Ridacchio, mi sembra assurda come opzione, ma al vedere Elena rannicchiarsi offesa e disperata smetto. Mi sento la testa scoppiare, non capisco più quello che sta succedendo.

­– Sono patetica, vero? – mi dice quella rassegnata, ma serena, alzando lo sguardo in alto, ad un cielo illuminato da troppe stelle ­– Comunque, ritornando al discorso di prima, parlavi di libertà, no? Allora dimmi se a te sembra di essere libera. Hai mai fatto qualcosa in questi anni che non c’entrasse con tua sorella? –

La risposta era evidente ed il resto del discorso veniva da sé.

– Lo capisco, ma era mia sorella quella che stava soffrendo, non io. Che cos’avrei dovuto fare? Guardarla incurante distruggersi con le proprie stesse mani? –

– No, ma di sicuro non l’hai aiutata facendoti sorgere i dubbi che adesso hai.
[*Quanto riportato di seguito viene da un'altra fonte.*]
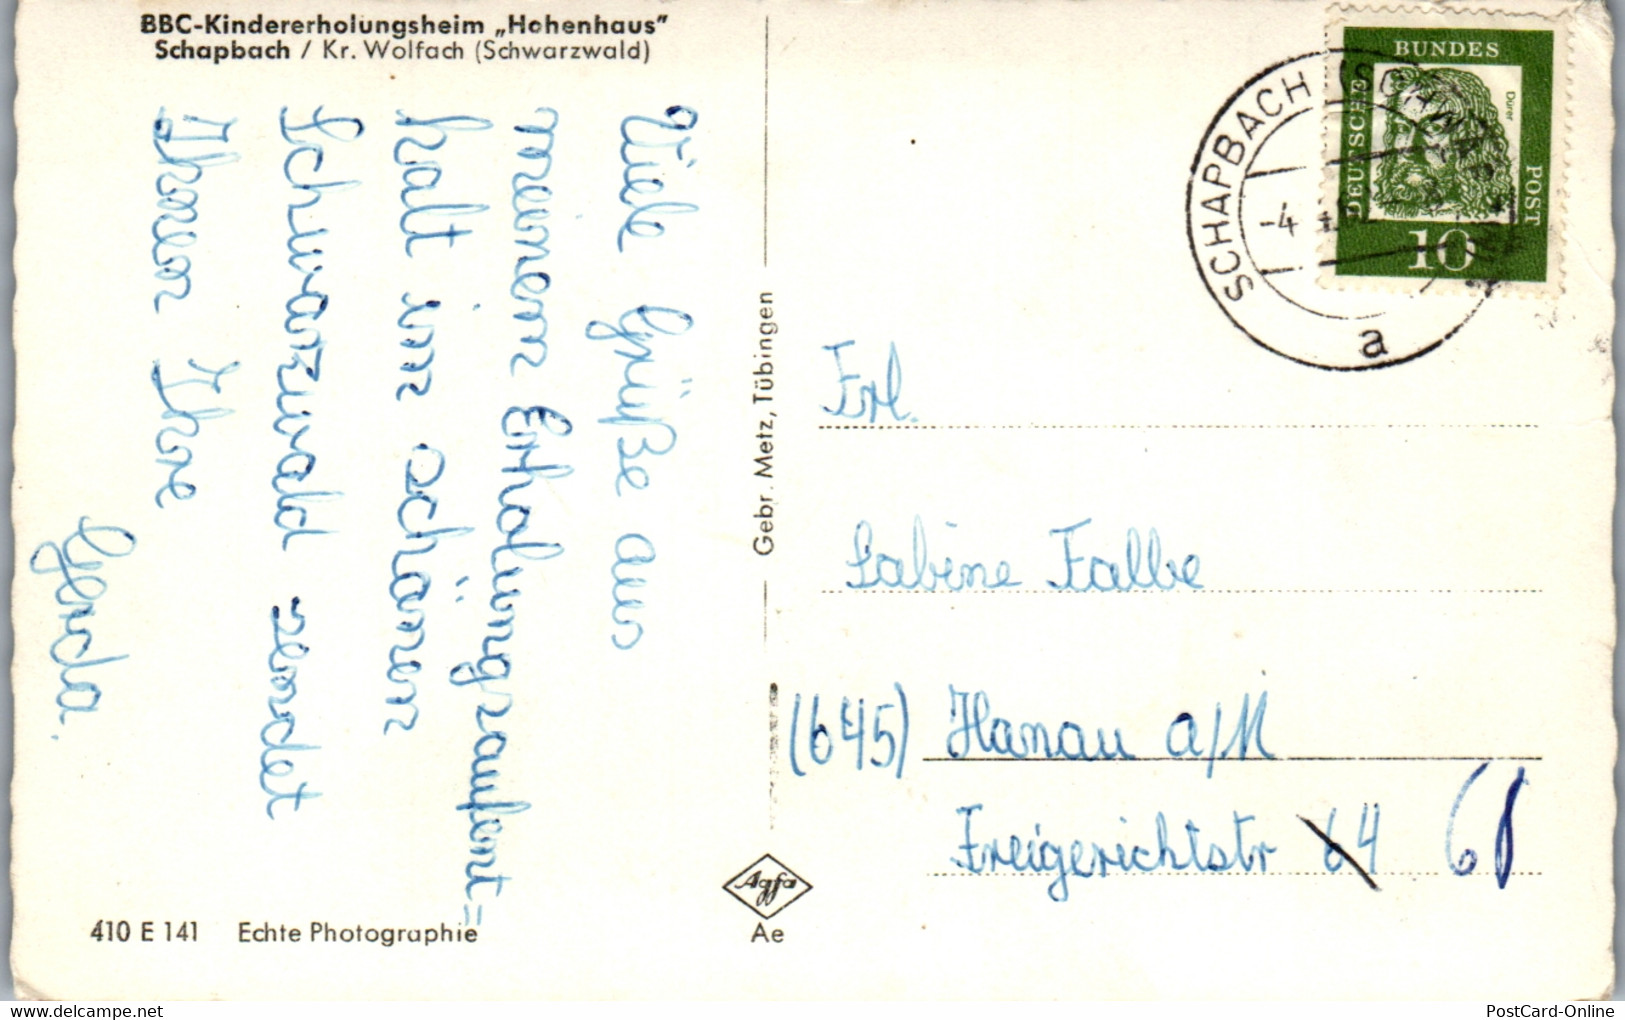 42108 - Deutschland - Schapbach , Kr. Wolfach , BBC Kindererholungsheim Hohenhaus - Gelaufen - Bad Rippoldsau - Schapbach

Pensa se l’avesse scoperto, non si sarebbe sentita ancora peggio per aver fatto stare male la sua sorellina? –

– Sì… –

– Adesso però non demoralizzarti, ché tua sorella avrà pure finito la seduta ormai –

Annuisco, anche se in verità non ero giù di morale, era solo che stavo riflettendo. – E se ti dicessi che mi fai veramente schifo?­­ –

Una fitta trafigge il petto della ragazza, strozzando qualsiasi parola prima che le uscisse dalla gola; dai bordi dei suoi occhi nasce una lacrima, di pura tristezza. Mi riavvicino a lei, appoggiandomi alla testiera del letto con una mano e con l’altra le prendo il volto. – Cosa mi diresti? –

– Io ti ringrazierei, Elena – mi sorride adesso.
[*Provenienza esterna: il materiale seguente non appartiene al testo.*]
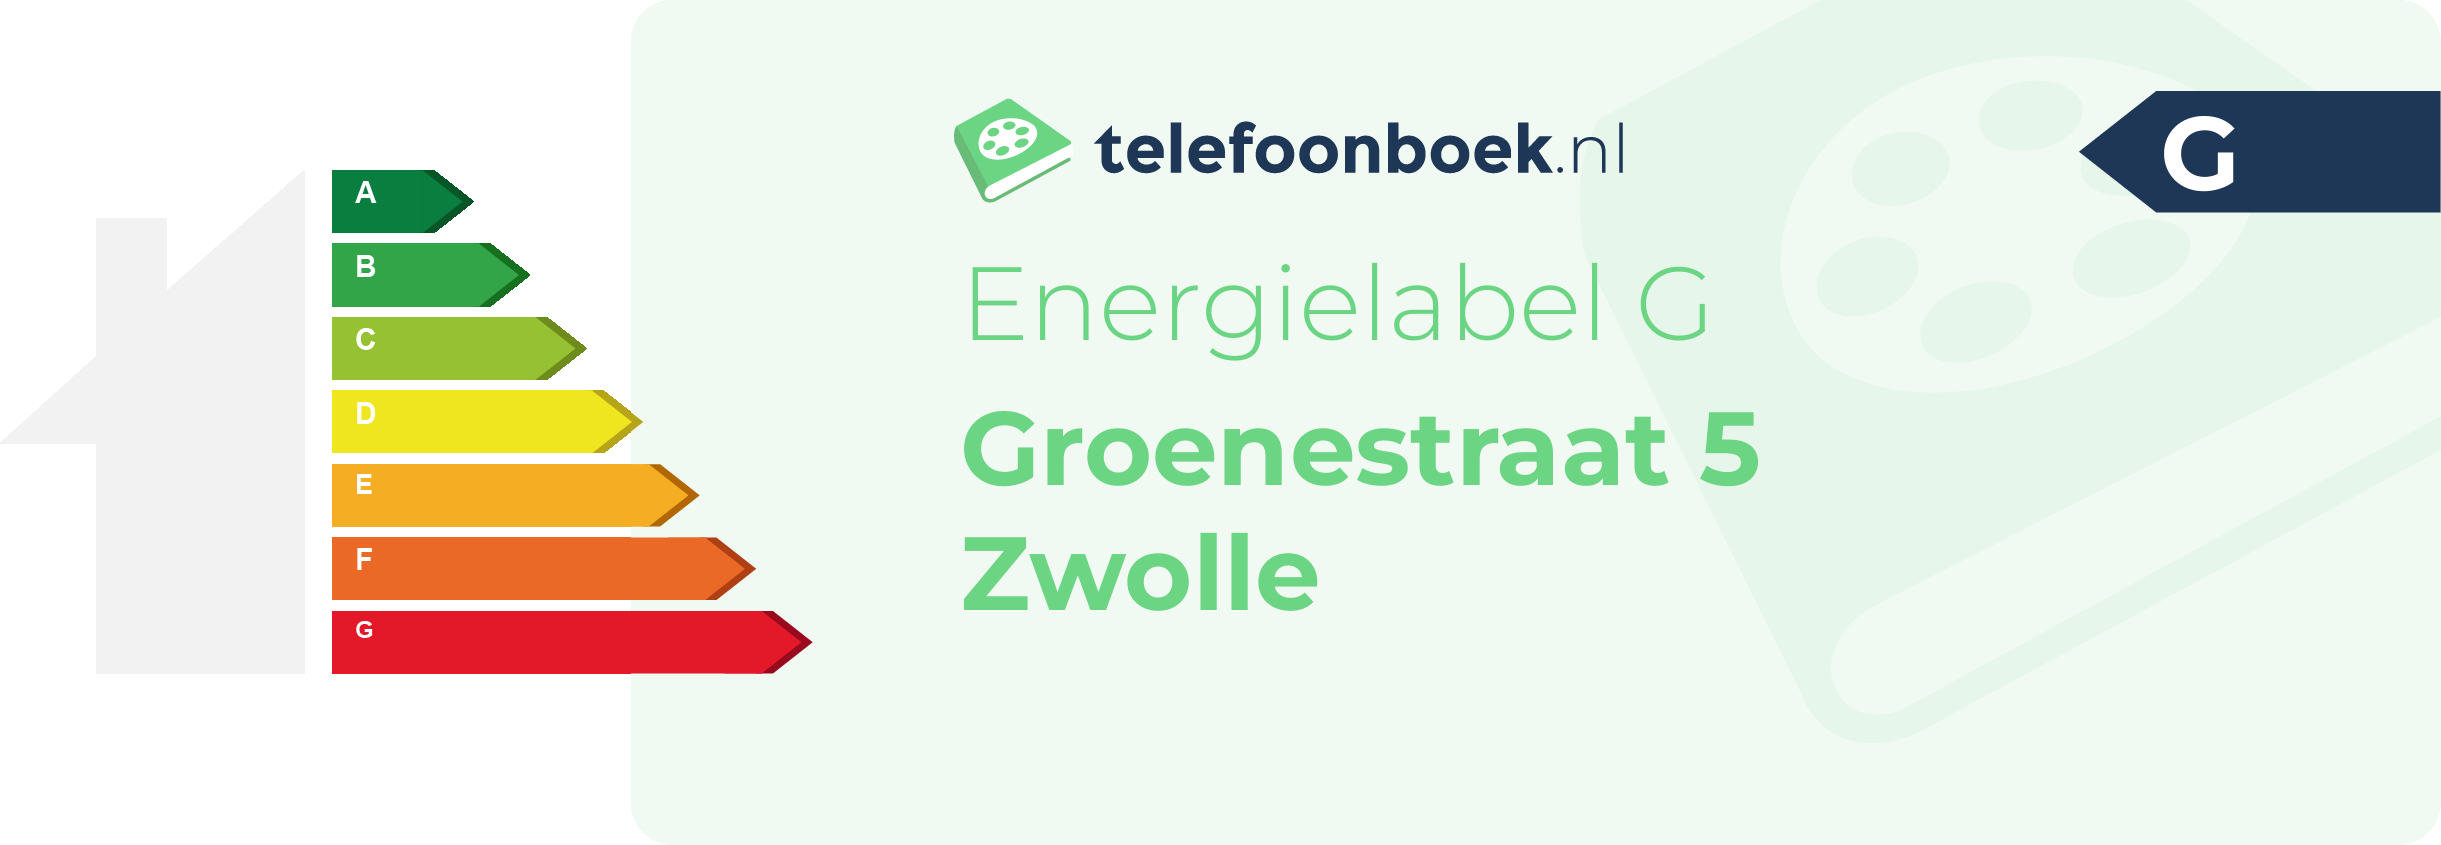 Energielabel Groenestraat 5 Zwolle

Il mondo intorno a me inizia a vorticare pericolosamente e la vista mi si offusca, mentre il battito cardiaco della ragazza cessa, una linea piatta, finalmente non più tormentata, un rumore acuto e continuo che mi assorda; sto per svenire?

Mi sveglio di colpo; il busto mi si piega in avanti, in cerca di più aria, gli occhi mi lacrimano, ed un calore formicolante mi riscalda, espandendosi come le scintille d’un fuoco d’artificio dalla nuca verso le spalle e le clavicole. Uh, sono ancora in ospedale? Un brivido ghiacciato mi scala la schiena. Quando mi sono riaddormentata? Il battito del cuore mi martella le orecchie, mi pulsa nelle tempie, e mi sento confusa e nauseata. Non capisco cosa sia successo, sono solo certa che quel rumore assordante continua a riverberarmi nella testa.

La porta dello studio dietro cui è scomparsa mia sorella è ancora serrata, così decido di fare un altro giro per l’ospedale.

Frugo nella borsa per recuperare gli occhiali e, mentre me li metto, davanti a me dei medici passano trasportando una barella coperta da un telo bianco; qualcuno se n’è andato. Da sotto quel lenzuolo vedo spuntare una mano, è pallida e scheletrica come… la sua.